Imagem 1 – Linda do Rosário, 2004 
(alumínio, poliuretano e tinta a óleo, 195 x 800 x 25 cm, Instituo Inhotim/Galeria Adriana Varejão) 
 
 
 
Fonte: http://www.adrianavarejao.net/pt-br/category/categoria/pinturas-series 
 
 
Imagem 2 – Linda do Rosário, 2004, vista superior 
(alumínio, poliuretano e tinta a óleo, 195 x 800 x 25 cm, Instituo Inhotim/Galeria Adriana Varejão) 
 
 
 
Fonte: http://www.inhotim.org.br/blog/tag/inhotim-escola-2/ 
 
Uma parede em escombros, revestida de pintura que remete a azulejos 
brancos, recheada de vísceras que estão à mostra. Essa é Linda do Rosário, 2004 
(alumínio, poliuretano e tinta a óleo, 195 x 800 x 25 cm), exposta no Instituto Inhotim, 
Galeria Adriana Varejão, Brumadinho/MG. Em diversos textos em blogs 
especialmente sobre viagens, há relatos de visitantes que não aguentam ficar muito 
tempo na sala, onde está essa obra, por sentir o cheiro forte de carne fresca. A 
parede não só enche os olhos, mas também embrulha o estômago das pessoas 
mais sensíveis. 
Charque é uma série produzida entre os anos 2000-2004, composta das 
obras Linda da Lapa, 2004, Linda do Rosário, 2004, Ruína de charque Penha, 2002, 
Ruína de charque Santa Cruz (quina), 2002, Ruína de charque Cordovil, 2002, 
Ruína de charque São Paulo, 2000, Ruína de charque Chacahua, 2000, Ruína de 
charque Caruaru, 2000. Nos processos criativos de cada obra, uma história, 
pesquisas, referências e imagens que a artista transforma e corporifica a seu modo 
peculiar. 
Conheceremos então o que há por trás das carnes de Linda do Rosário. 
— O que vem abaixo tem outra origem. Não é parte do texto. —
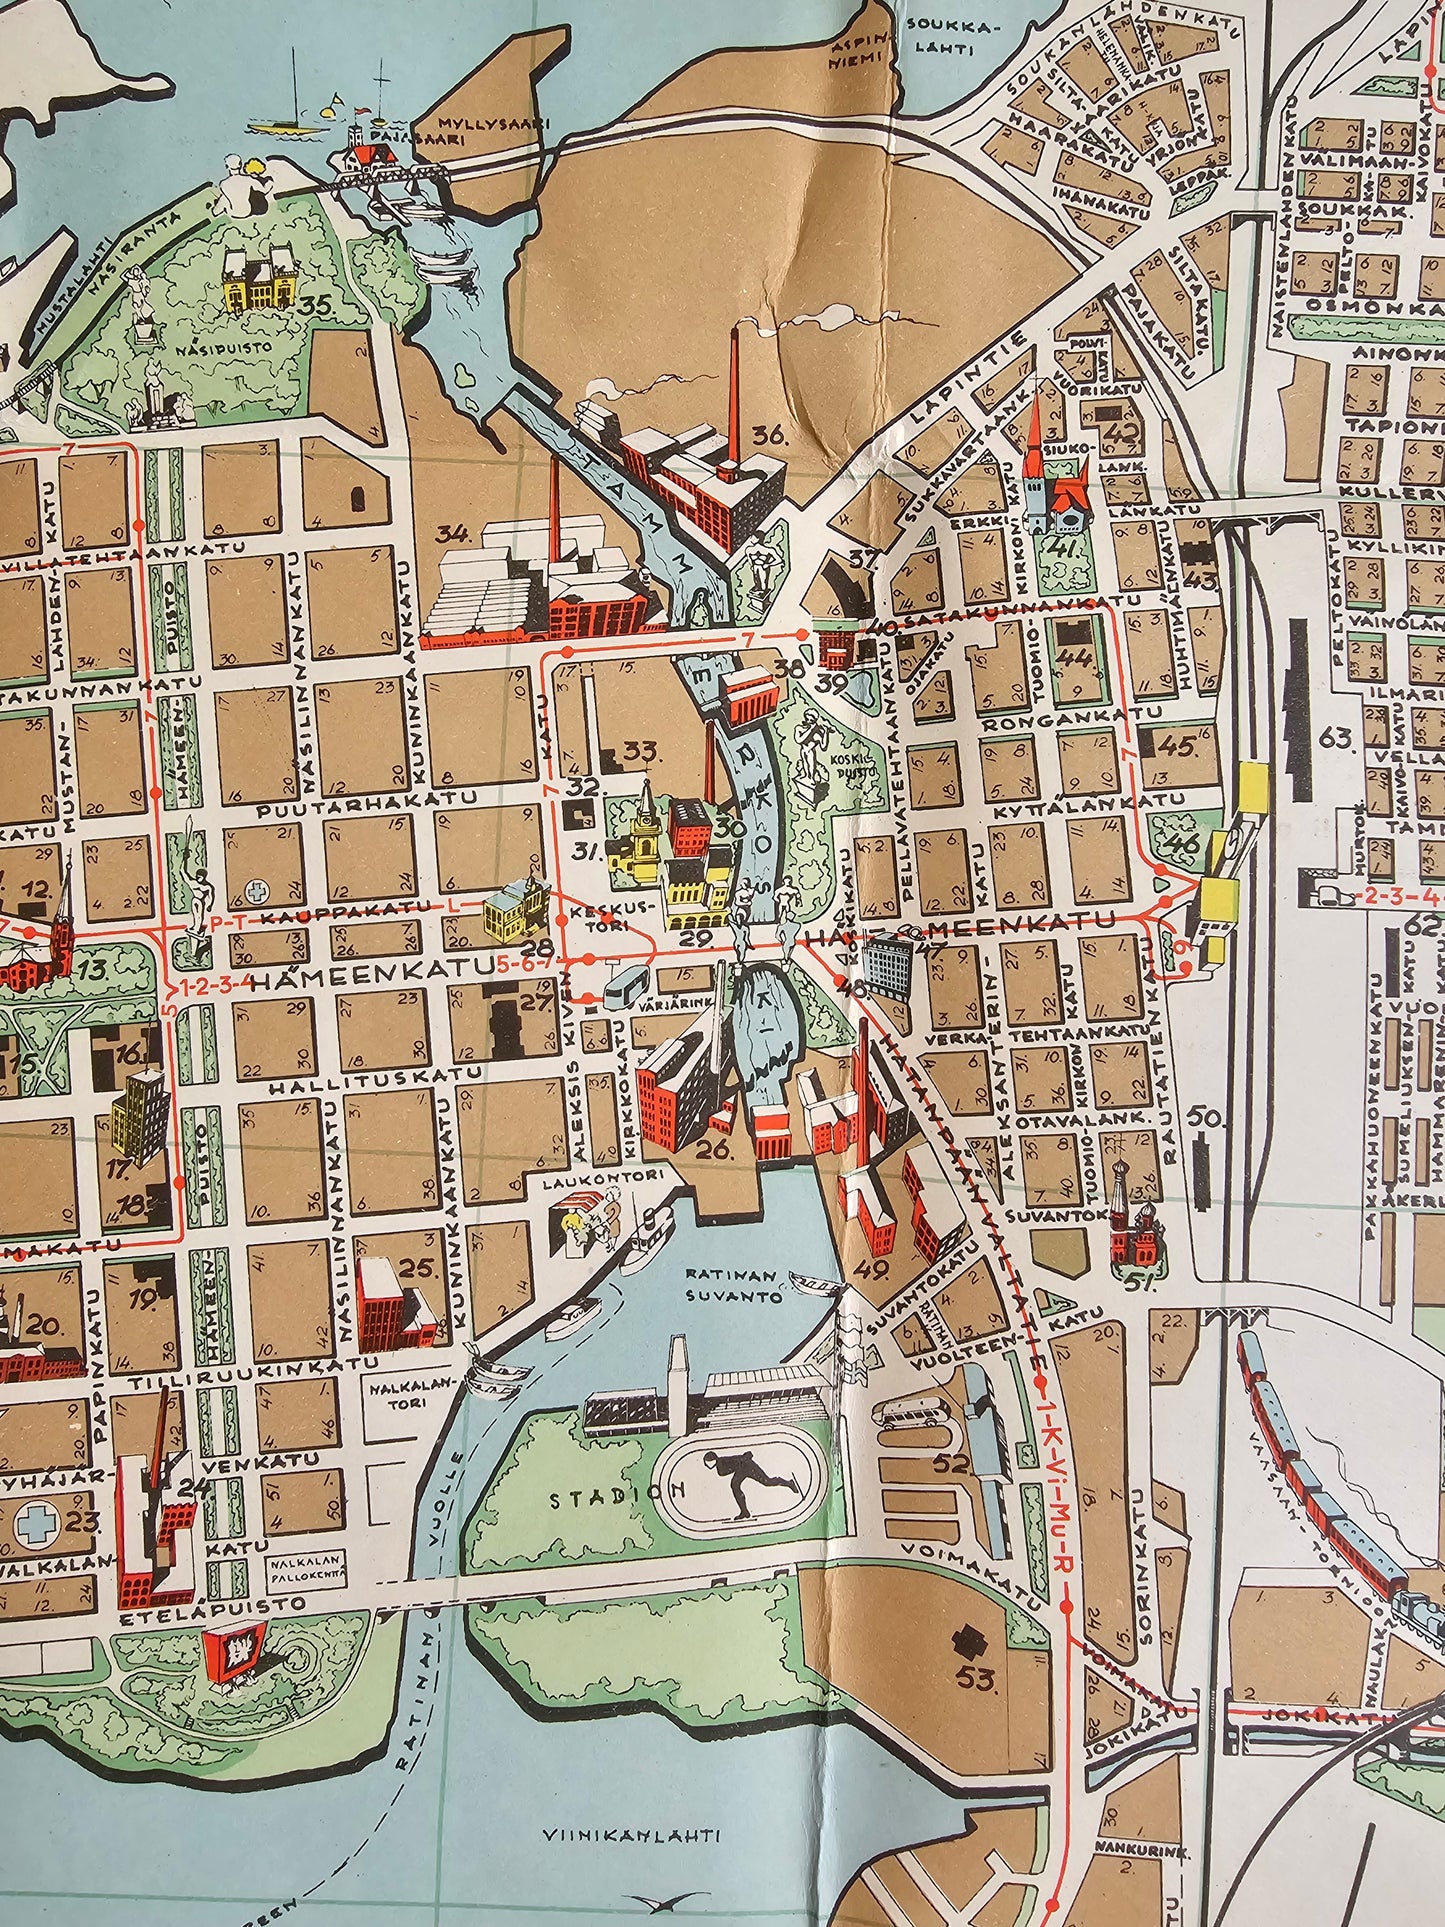 Tampereen kartta 1951

A imagem não é agradável aos olhos, nem aos outros órgãos do sentido. Em 
Linda do Rosário, Adriana inspira-se em Goya (Nature morte à la tête de mouton, 
1808-1812 e Saturno devorando um filho, 1819-1823) e Rembrandt (Lição de 
Anatomia do Dr. Tulp, 1632). Como referência na Arte contemporânea buscamos 
também Artur Barrio (Livro de carne, 1979), esse não citado pela artista, mas trazido 
para o contexto pela sua força imagética. 
 
Imagem 3 – Nature morte à la tête de mouton, Francisco de Goya, 1808-1812 
(óleo sobre tela, 45x62cm, Museu do Louvre, Paris, França) 
 
 
 
Fonte: http://cartelfr.louvre.fr/cartelfr/visite?srv=car_not_frame&idNotice=2122 
 
Imagem 4 - Lição de Anatomia do Dr. Tulp, Rembrand, 1632 
(óleo sobre tela, 169,5x216cm, Museu Mauritshuis, Haia, Holanda) 
 
 
Fonte: http://pt.wikipedia.org/wiki/A_Li%C3%A7%C3%A3o_de_Anatomia_do_Dr._Tulp 
Imagem 5 – Saturno devorando um filho, Francisco de Goya, 1820-1823 
(pintura mural transferida para tela, 143,5x81,4cm, Museu do Prado, Prado, Espanha) 
 
 
 
Fonte: https://www.museodelprado.es/goya-en-el-prado/obras/ 
 
 
Imagem 6 – Livro de carne, Artur Barrio, 1978-1979 
(carne bovina fatiada e exposta em formato de livro) 
 
 
 
Fonte: http://arturbarrio-trabalhos.blogspot.com.br/ 
 
Nas obras que foram referências para a artista temos somente “carne”. Em 
Linda do Rosário, por que carne e parede se unem para contar uma história ou 
suscitar tantas outras? E o que essa obra pode ser relacionada com a história da 
cidade do Rio de Janeiro? 
“Folhear livros, ver imagens, absorver o máximo possível de informação”. 
Essa máxima de Adriana é também o processo para quem quer entender, degustar, 
ler por completo suas obras. Encontramos, então, uma música: 
 
Conversa de botas batidas, Los Hermanos, 2003 
- Veja você onde é que o barco foi desaguar 
- a gente só queria o amor… 
- Deus parece às vezes se esquecer 
- ai, não fala isso, por favor 
Esse é só o começo do fim da nossa vida 
Deixa chegar o sonho, prepara uma avenida 
que a gente vai passar… 
- Veja você, quando é que tudo foi desabar a gente corre pra se esconder… 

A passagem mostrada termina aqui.